Je massacrai ou n’accordai que très peu d’attention aux postures debout, tant mon cerveau et mon mental étaient concentrés sur les flexions arrière. Je ne voulais faire que ça, et elles ne sont pas nombreuses. Mais le peu qu’il y avait était mon seul objectif. Avec le recul j’avais un niveau de frustration assez élevé, je m’ennuyais ferme dans la série des Janu Shirshasana, la série des Marichyasana me gavait, et Supta Kurmasana me faisait mal au sacrum. Peu importe, tout ce que je voulais c’était faire ce que l’on appelle les « drop back » : descendre debout en flexion arrière et atterrir sur les mains, pour remonter et redescendre et ce 3 ou 5 fois.

Vous dire ce que j’ai fait endurer à mon corps…

Vous dire le montant astronomique de la facture que mon corps m’a fait parvenir ces deux dernières années.
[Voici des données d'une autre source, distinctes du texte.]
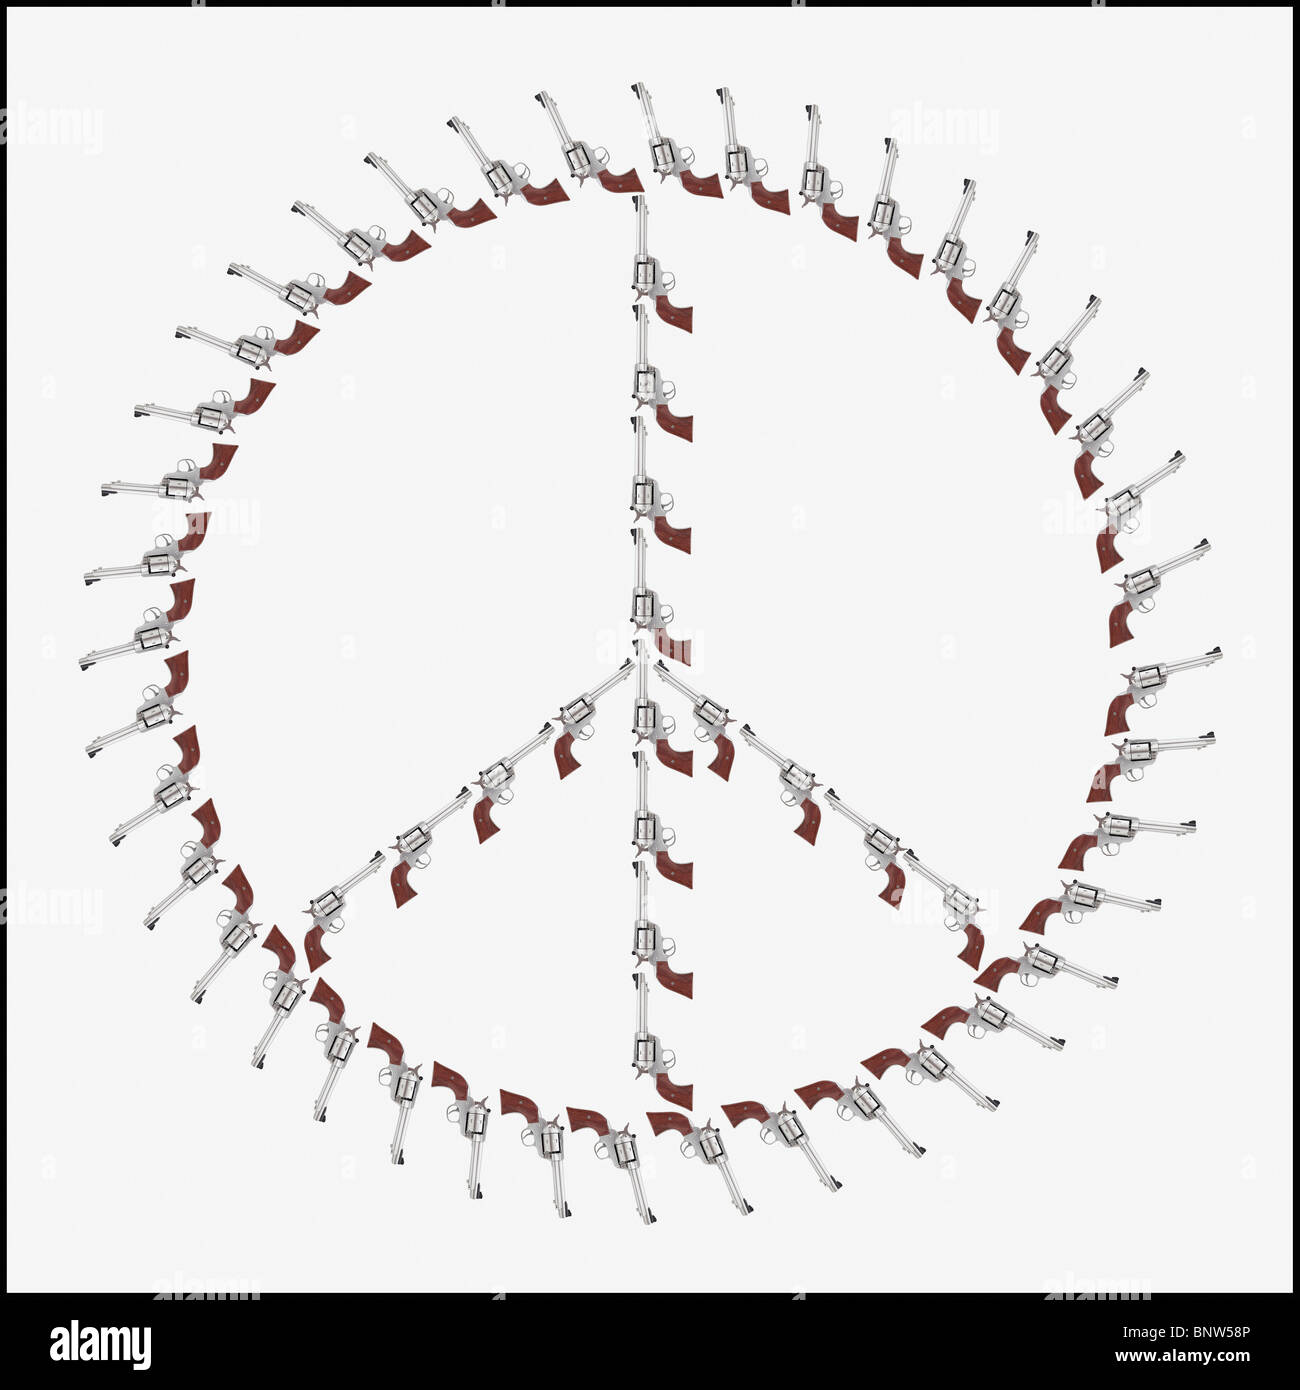 Guns arranged in the shape of a peace symbol Stock Photo

Je ne blâme personne sinon moi. En revanche un petit bémol tout de même, avec le recul suffisant, et ceci n’est que mon avis, il n’y a que très peu d’encadrement dans la pratique de l’Ashtanga Vinyasa Yoga. Alors peut être pas/plus dans les studios de nos jours où la pratique se démocratise grandement, mais de ce que j’ai vécu, j’ai été plus souvent poussée dans mes retranchements que épargnée. Le shala où j’ai souffert le plus est celui de Bangkok avec Boonchu Tanti. Le niveau était élevé. Physiquement j’avais le corps qui pouvait faire croire que j’étais forte car j’étais toute sèche, tandis que fondamentalement c’était tout le contraire.

Encore une fois, un professeur sort du lot et c’est Mark Robberds. Il a été le seul pendant les stages intensifs à parler de renforcement musculaire et d’adaptation de la pratique. Tous les autres, auréolés de leur statut de méga star, n’ont pas eu ce recul suffisant. Il parait que Gregor Maehle est un très bon professeur mais je n’ai jamais suivi son enseignement.

Le fait est que ces accumulation de pratiques poussives ont formaté mon mental et du coup mon enseignement s’est traduit parfois avec rigidité. Je le reconnais maintenant.

Par contre j’ai eu besoin de tout ce temps pour me comprendre et m’analyser. Comme je le dis souvent, je suis plus lente que d’autres.